В ходе индустриализации следовало принимать сказанное выше во внимание. Производство размещали прямо в городке, в непосредственной близости от места проживания потенциальной рабочей силы; нанималась семья целиком — отец работал на прядильном станке, жена и дети ему помогали; платили одну зарплату на всех. Таким образом решались проблемы трудовой дисциплины.
Хозяин служил примером поведения: он жил совсем рядом, иногда прямо во дворе своей фабрики; его супруга вела счета, рабочих приглашали на семейные праздники. Патернализм был первичной системой производственных отношений, по крайней мере относительно самых квалифицированных рабочих, которых хотелось удержать на фабрике. Такая система предполагает как минимум три элемента: проживание поблизости, обращение с персоналом, как с родственниками, и согласие работников. Если этот консенсус нарушается, вся система может рухнуть, что произошло во второй половине XIX века, когда рабочие восстали против скрытой truck system, то есть оплаты труда товарами. Они стали требовать денег и отказывались от всего, что казалось им пережитками крепостного права, путами зависимости. В остальном можно провести параллель между кризисами «традиционной» семьи и семьи индустриальной эпохи под натиском торжествующего индивидуализма.
Сила экономики рабочих семей
Вне рамок предприятия пролетарии живут по строгим законам семейной экономики. Основной доход составляет заработок отца, который сразу, как только становится возможным, дополняется тем, что приносят дети, — вот почему рождаемость в рабочих семьях была высокой. Этим же объясняется враждебное отношение к запрету детского труда. Долгосрочные цели блюстителей детского благополучия сталкиваются с сиюминутными интересами бедных семей. Домашняя экономика предполагает другой механизм равновесия, иной порядок вещей. Сокращение рождаемости в рабочей среде явится следствием всего, что предписывает соблюдение «интересов детей», — чем дороже они будут обходиться родителям, тем меньше их будет.
Женский труд также регулируется семейными обстоятельствами и часто прерывается беременностью и уходом за младенцем. В любом случае заработок женщины — всегда лишь «дополнительные деньги», понятие давнишнее, но укоренившееся; часто эти деньги зарабатываются для приобретения чего–то конкретного. Домохозяйка, очень, впрочем, зависящая от своих заработков, которые повышают ее собственную ценность, помимо забот о детях, занимается хозяйством в самом широком смысле слова. Такой домохозяйке, незаменимой в повседневной жизни, рабочие без конца поют дифирамбы, при этом их экономические потребности сталкиваются с идеологическим обоснованием того, что практически профессиональный женский домашний труд — это нечто «естественное»; таким образом, рабочие, не подозревая о том, становятся в один ряд с теми, кто пытается придать выполнению домашних обязанностей вид непроизводительного труда. Во времена кризисов дополнительный заработок женщин становится основным: рабочие, столкнувшиеся с жестокой безработицей 1884 года, пережили ее благодаря своим женам, которые дни напролет стирали и убирали чужие дома. Вот почему женщинам кризисные периоды запомнились как время, когда у них было много работы.

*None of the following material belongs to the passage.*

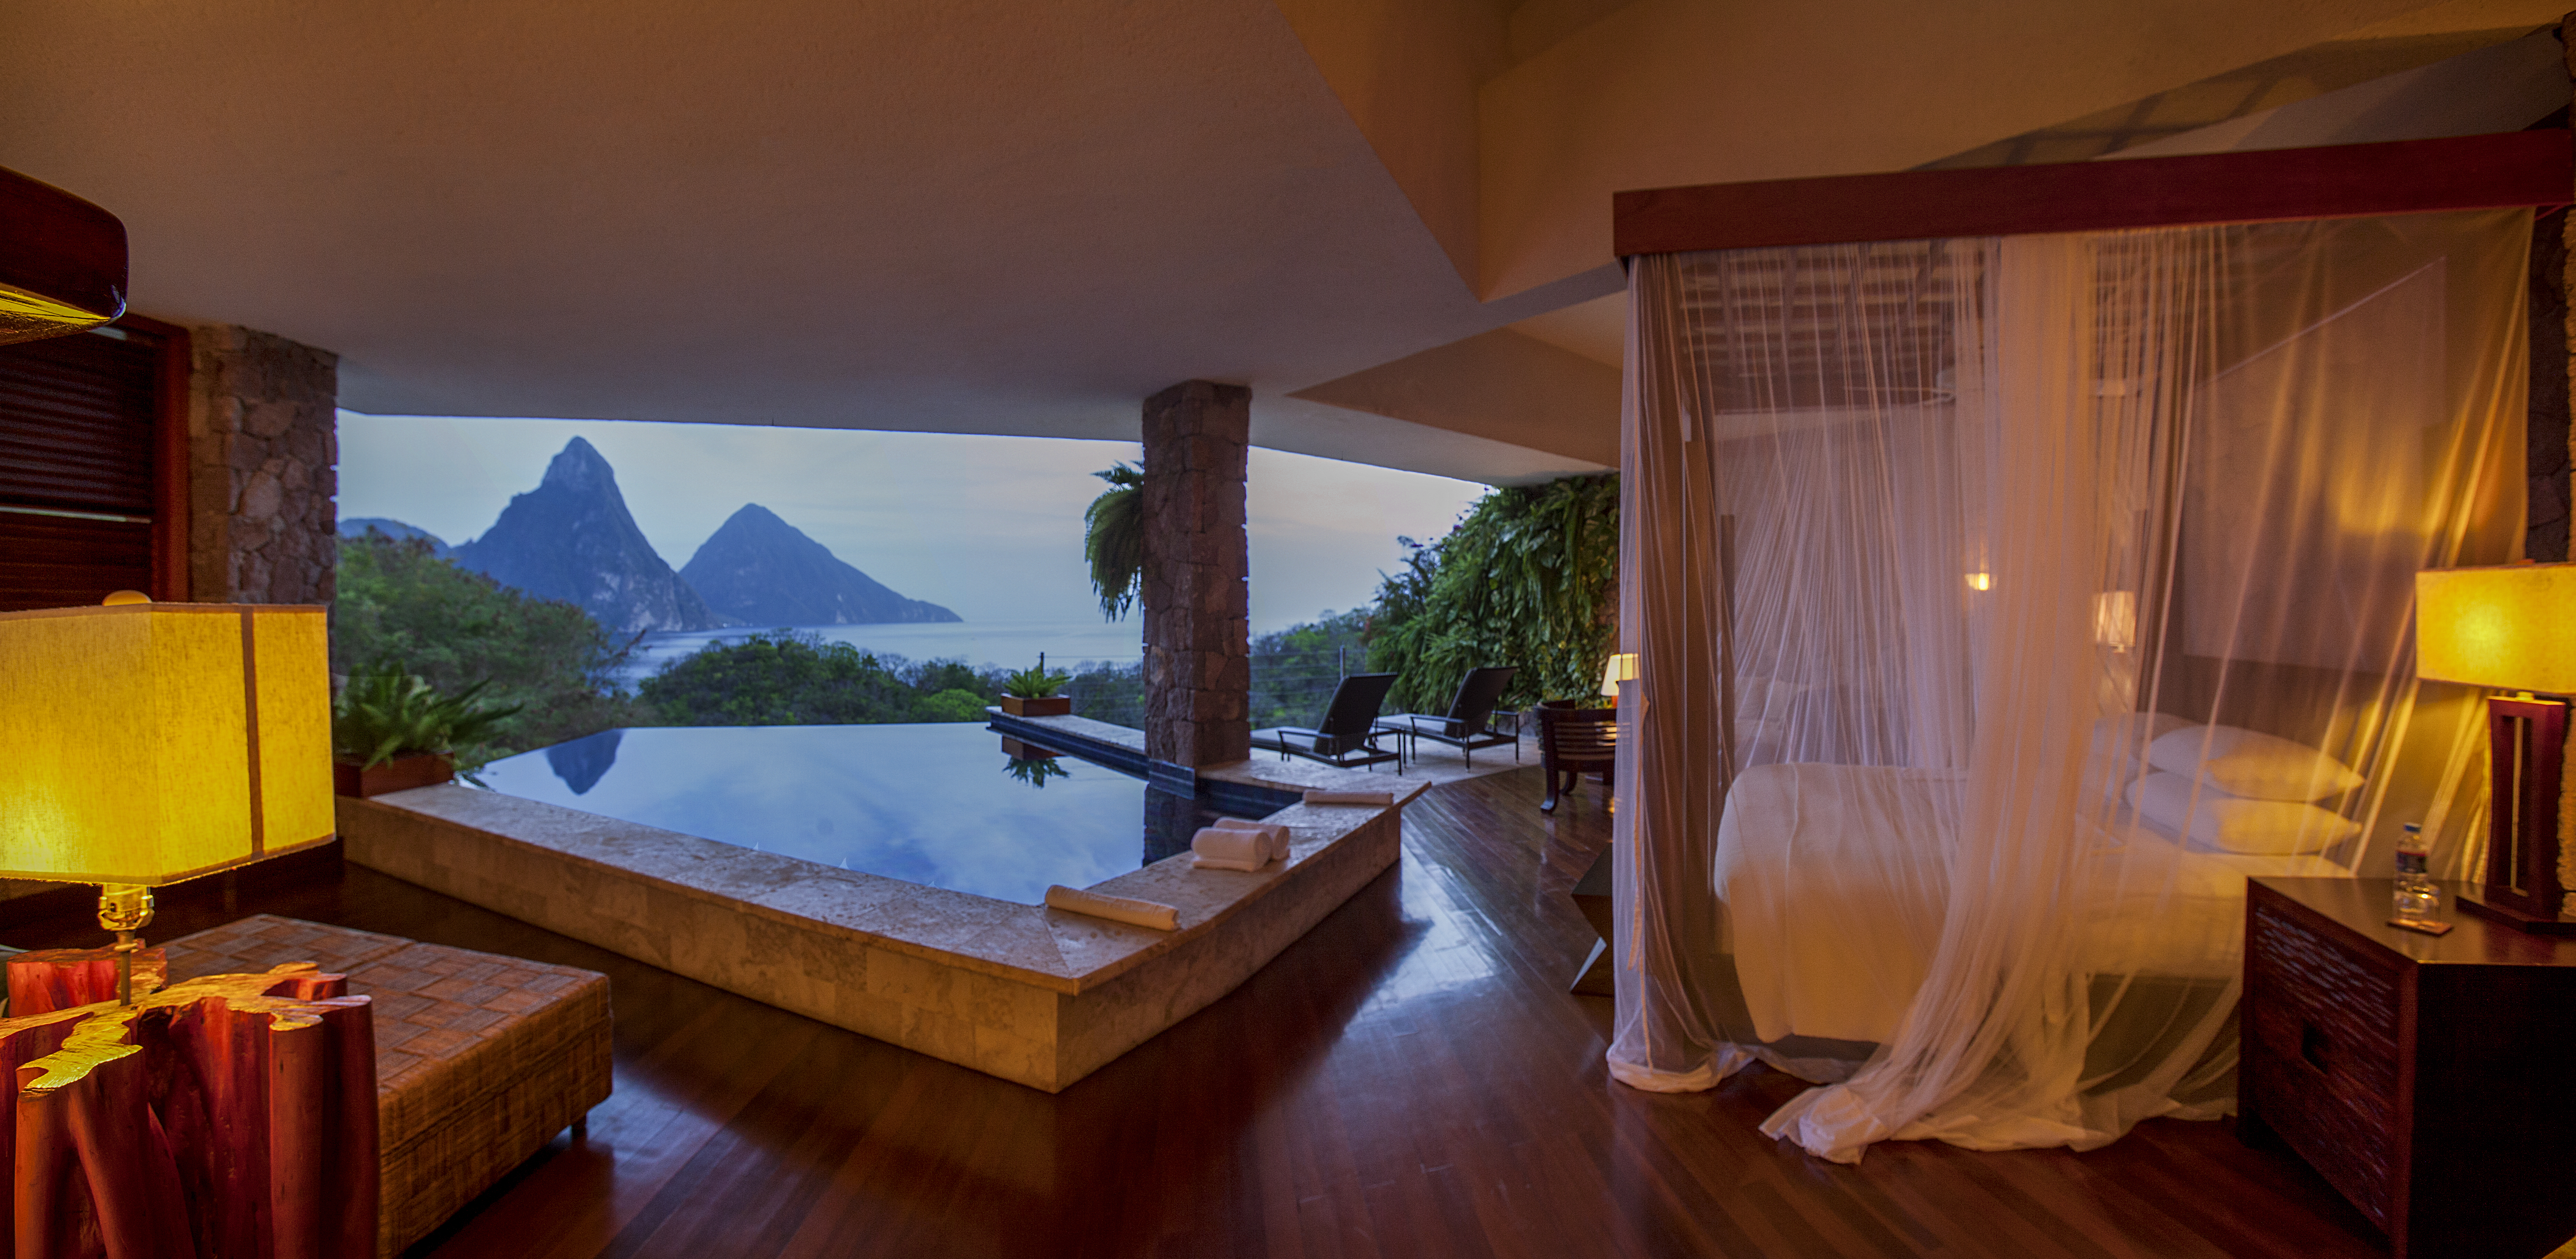 The Bachelor 2014 Filming Locations in Saint Lucia | St. Lucia Hotels and Resorts | Juan Puablo Fantasy Suites | Jade Mountain

В более общем плане все сады и огороды, разбитые вплоть до пригородов Парижа, все обмены услугами или товарами свидетельствуют о крайней бедности и даже нищете. Они предполагают наличие горизонтальных связей, исчезновение которых в современных обществах говорит о высокой опасности безработицы и о зависимости от государства. Их существование в настоящее время в некоторых странах, например в Италии и Греции, позволяет понять значение теневой экономики в прежние времена: экономика была в основном семейная и соседская.
Семья — не только общий котел и бюджет. Она также регулирует заключение «профессионально–эндогамных» браков, следит за целесообразностью переездов из одной местности в другую и сменой социального статуса, как показал Маурицио Грибауди на примере Турина. Миграции и переезды рабочих не случайны, они вызваны как родственными, так и профессиональными связями. Круговая порука позволяет легче интегрироваться в новую среду. Поддерживая связи с деревней, возможно вернуться обратно: например, Симон Парвери, пострадавший от несчастного случая при обжиге фарфора, смог вернуться и заняться сельским хозяйством у себя на родине. Родственные связи позволяют получать дополнительные деньги, родня зачастую играет роль посредника при поиске работы и дает ссуды. Сильные этнические сообщества помогают социальному росту–таково, например, овернское землячество в Париже (Ф. Резон–Журд). Благодаря семье «дикари» завоевывают города.